Movie Review: Hello I Must Be Going (2012)
I miss the Marx Brothers. I miss their centrality to our culture, as they were central in the 1970s, 40 years after their cinematic heyday, when Epstein and Horshack would imitate Chico and Harpo on “Welcome Back, Kotter,” and everyone from Michael Jackson to Hawkeye Pierce to kids on McDonald’s commercials would imitate Groucho. We could all use a little duck-walking and cigar-waggling and leering now and again. We could all use a little poignant nonsense. Last year I asked a twentysomething colleague how much she knew about the Marx Brothers and she revealed her ignorance with her Google search: March brothers. Chico would be proud.
A long way of saying I went into “Hello I Must Be Going” hoping for some knowing Marxian references beyond the title.
I got a few. The film’s protagonist, Amy, (Melanie Lynskey), three-months divorced from her entertainment-attorney husband in Manhattan, and now living with her parents in Westport, Conn., used to watch the Marx Brothers with her father when she was a kid. Now she’s watching them again. We see clips from “Duck Soup” and “Animal Crackers,” with Groucho singing the title song, the absurdity of which I’ve always liked. I laughed out loud when I heard this again:
I’ll do anything you say!
I’ll even stay!
But I must be....going
It’s one of the few times I laughed out loud at this April-June romantic comedy.
The movie opens with Amy getting up at noon, slumping off to the kitchen for crackers, and then returning to her room to watch “One Day at a Time” reruns on TV. Her mother, Ruth (Blythe Danner), half encourages her, half chastises her to get moving again. She tries to buck her up but brings her down in the peculiar way of mothers. She talks about a friend’s daughter who is now apparently on anti-depressants, or depressaunts as she calls them, Frenchifying the word, legitimizing it, and implies that maybe this is the path for Amy. “Amy, you haven’t left the house in three months,” she says, seeming concerned. Then her real concern emerges. Important guests are arriving for an important dinner. “Honey, I need you to shape up a little. Get something nice to wear.”
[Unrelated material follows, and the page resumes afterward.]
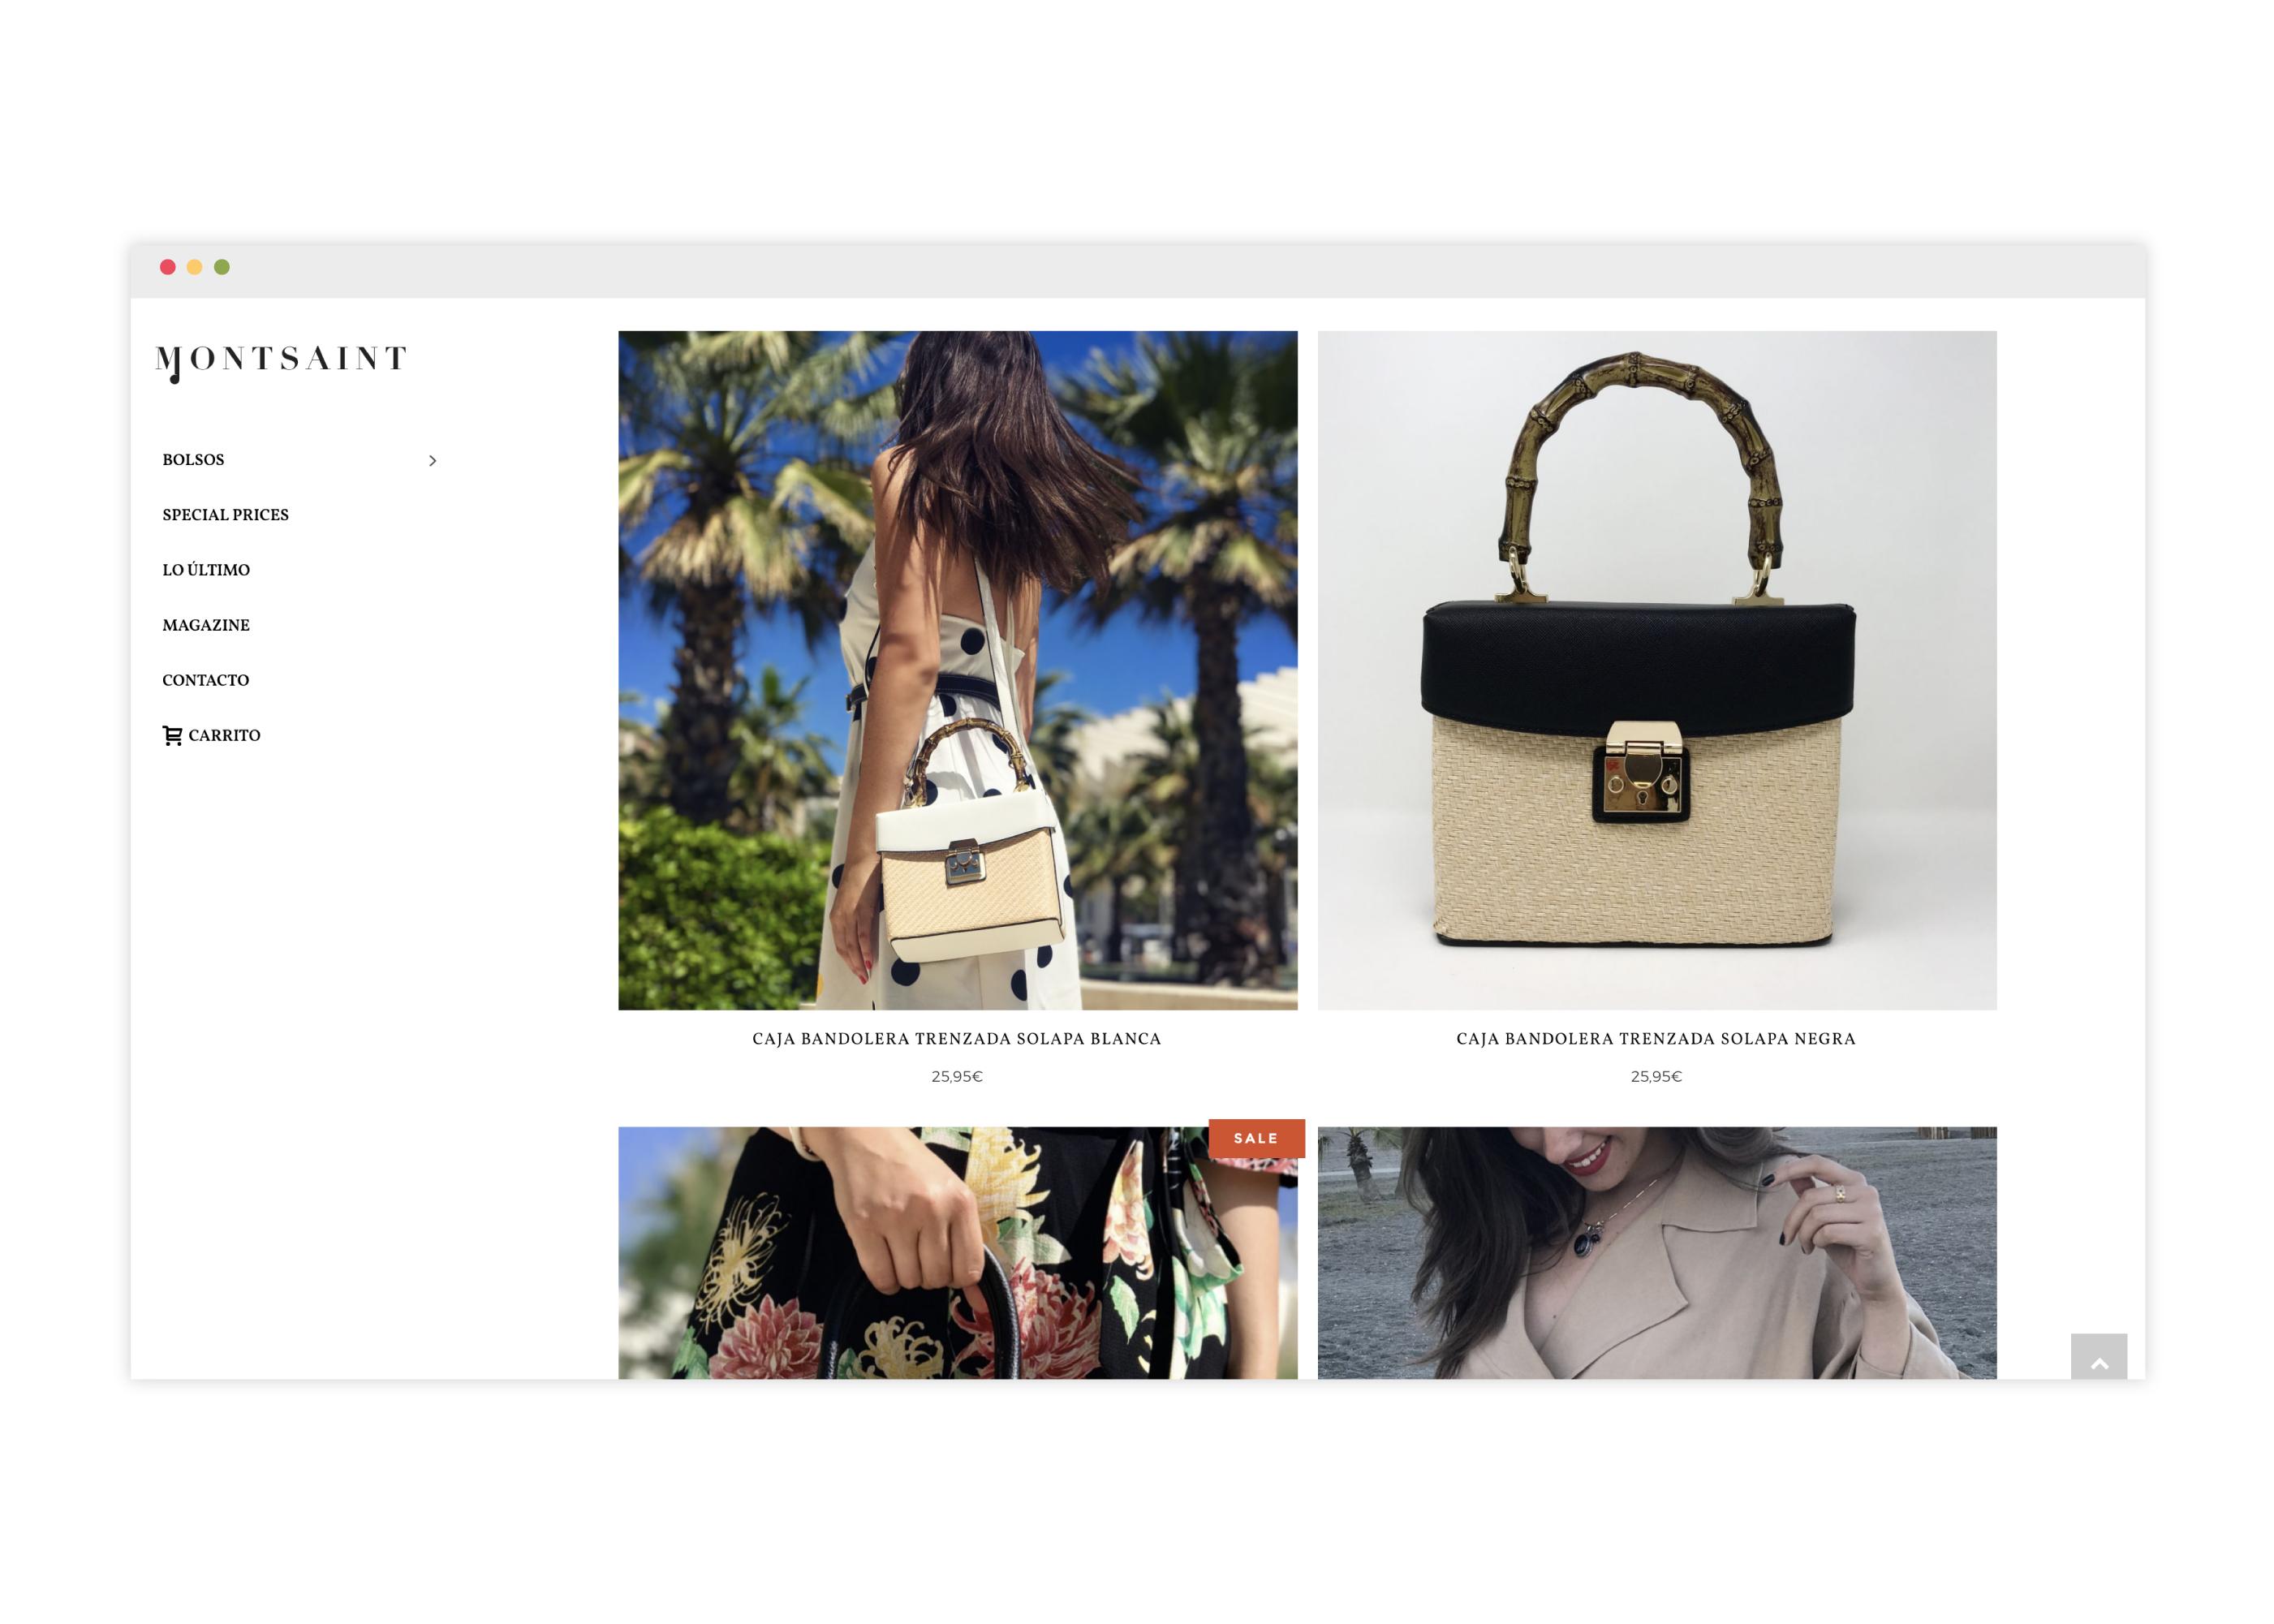 Diseño de tienda online de bolsos responsive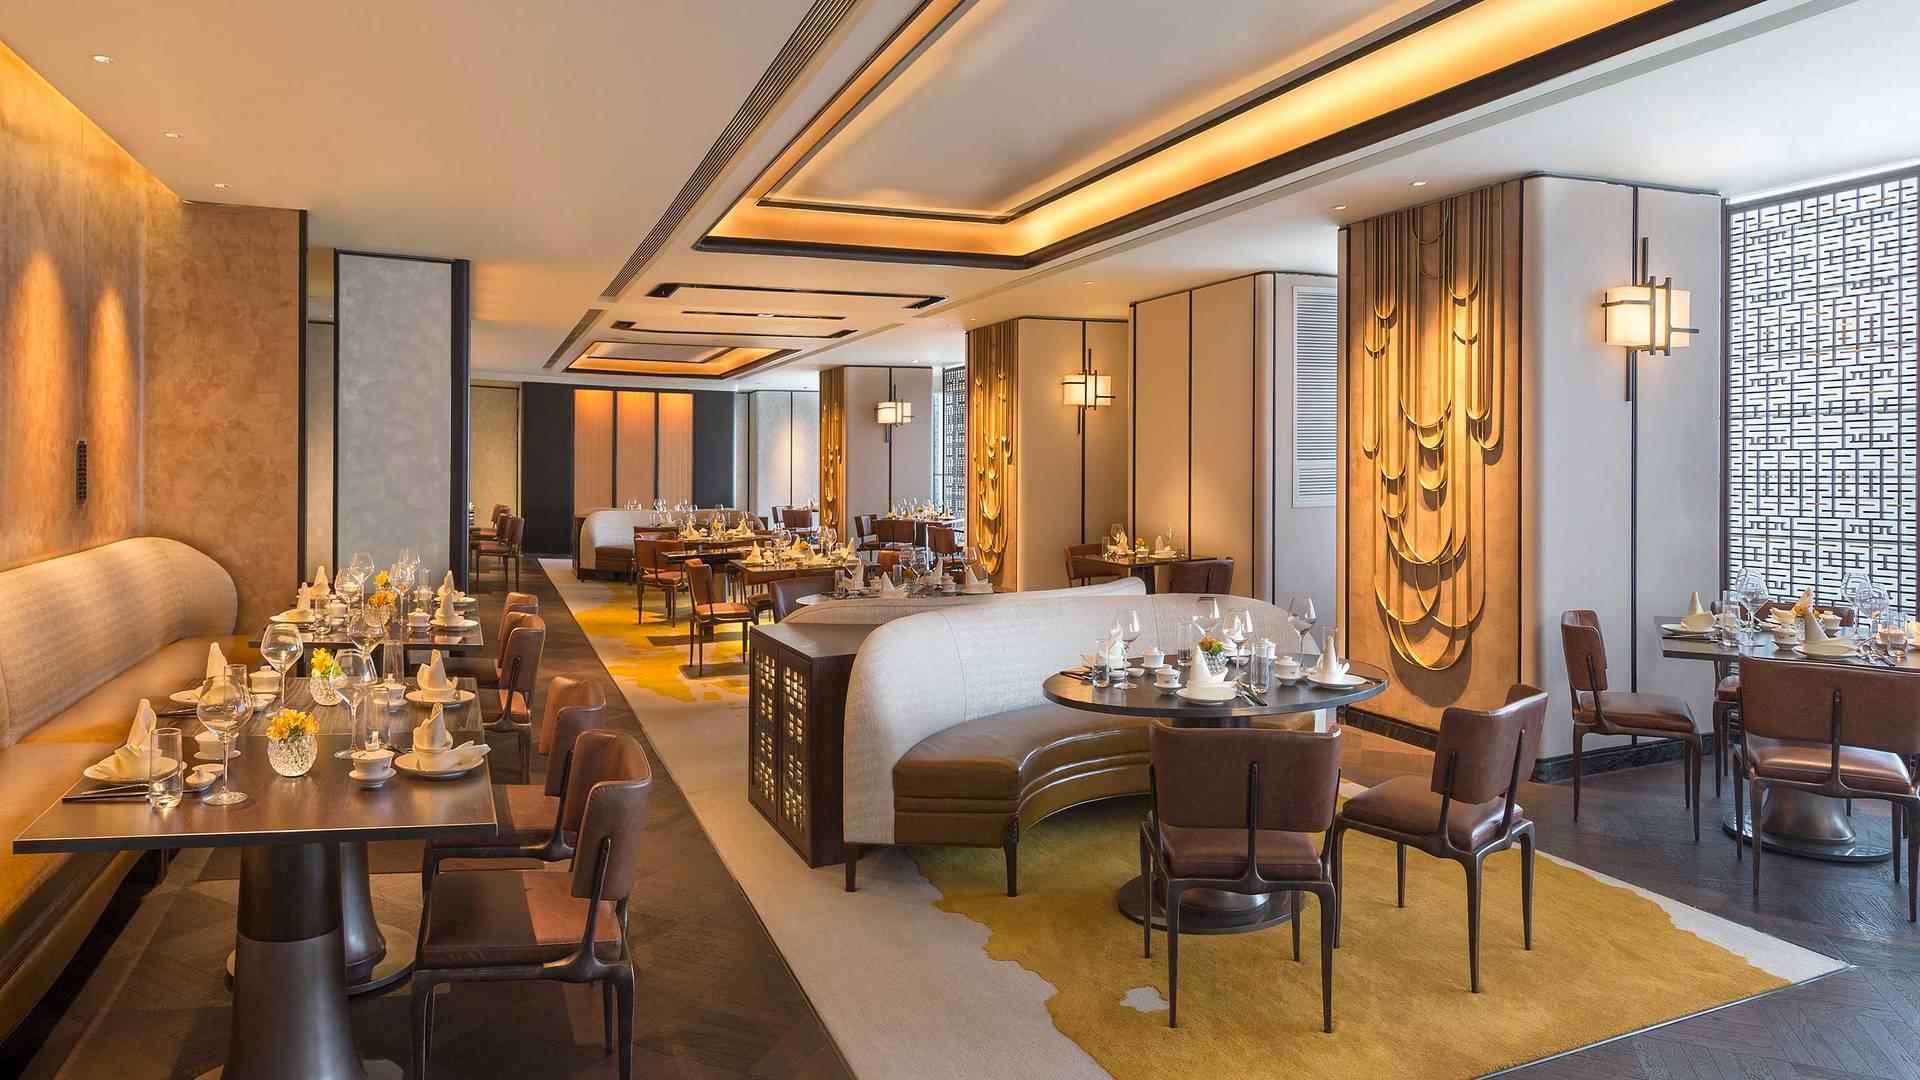 Najing - Jumeirah Nanjing Lu Chao restaurant_16-9

To be honest, I only had so much sympathy for Amy. Her circumstances are tough but not that tough. She’s had heartache but no more than the rest of us. She’s been lying around for three months, wasting her life, wasting her parents’ time and money. At some point, you need to look for something to do and do it. You need to find a place, and a talent with which you can make money, or for which someone will pay you, and then do that. Or you do the thing that makes you money and then you do the other thing that fulfills you, which is what most of us do. It can be hard, particularly in our current culture and economy, but Amy and I are still living in America in the 21st century. The luck heaped upon us is still overwhelming.
At the dinner party, which involves a potential client for her lawyer-father Stan (John Rubenstein), the son of that client, 19-year-old Jeremy (Christopher Abbott of HBO’s “Girls”), is the only other person at the table, besides Amy, who looks uncomfortable with the glib, wine-infused conversation. Occasionally he’ll make eyes at her. Eventually he follows her into another room and makes a pass.
Thus every road back to wholeness begins with the distraction of romance.
At some point, fairly early in the movie, I thought, “Wouldn’t it be great if she wound up where she started: groaning at the start of the day and watching tired re-runs on TV?” I thought: Why does she have to realize her self-worth? What is it about her self that’s worthy? That she’s nice? That she takes photos of rivers? She was going to publish a book of her river photos once. Apparently she got distracted by her attorney husband. What was she doing all the time she was married anyway? Was she working? Where? How did she fill her days?
In “Hello I Must Be Going,” written by first-time screenwriter Sarah Koskoff and directed by third-time director Todd Louiso, Amy never finds a job, or a purpose, but she finds enough value in herself to demand alimony from her ex. That’s her big self-esteem moment. Then she and her mother travel the world together. She’ll take pictures of her mother. And, one assumes, rivers.
Groucho: Do you suppose I could buy back my introduction to you?
Amy: slowly dying on her road to self-esteem.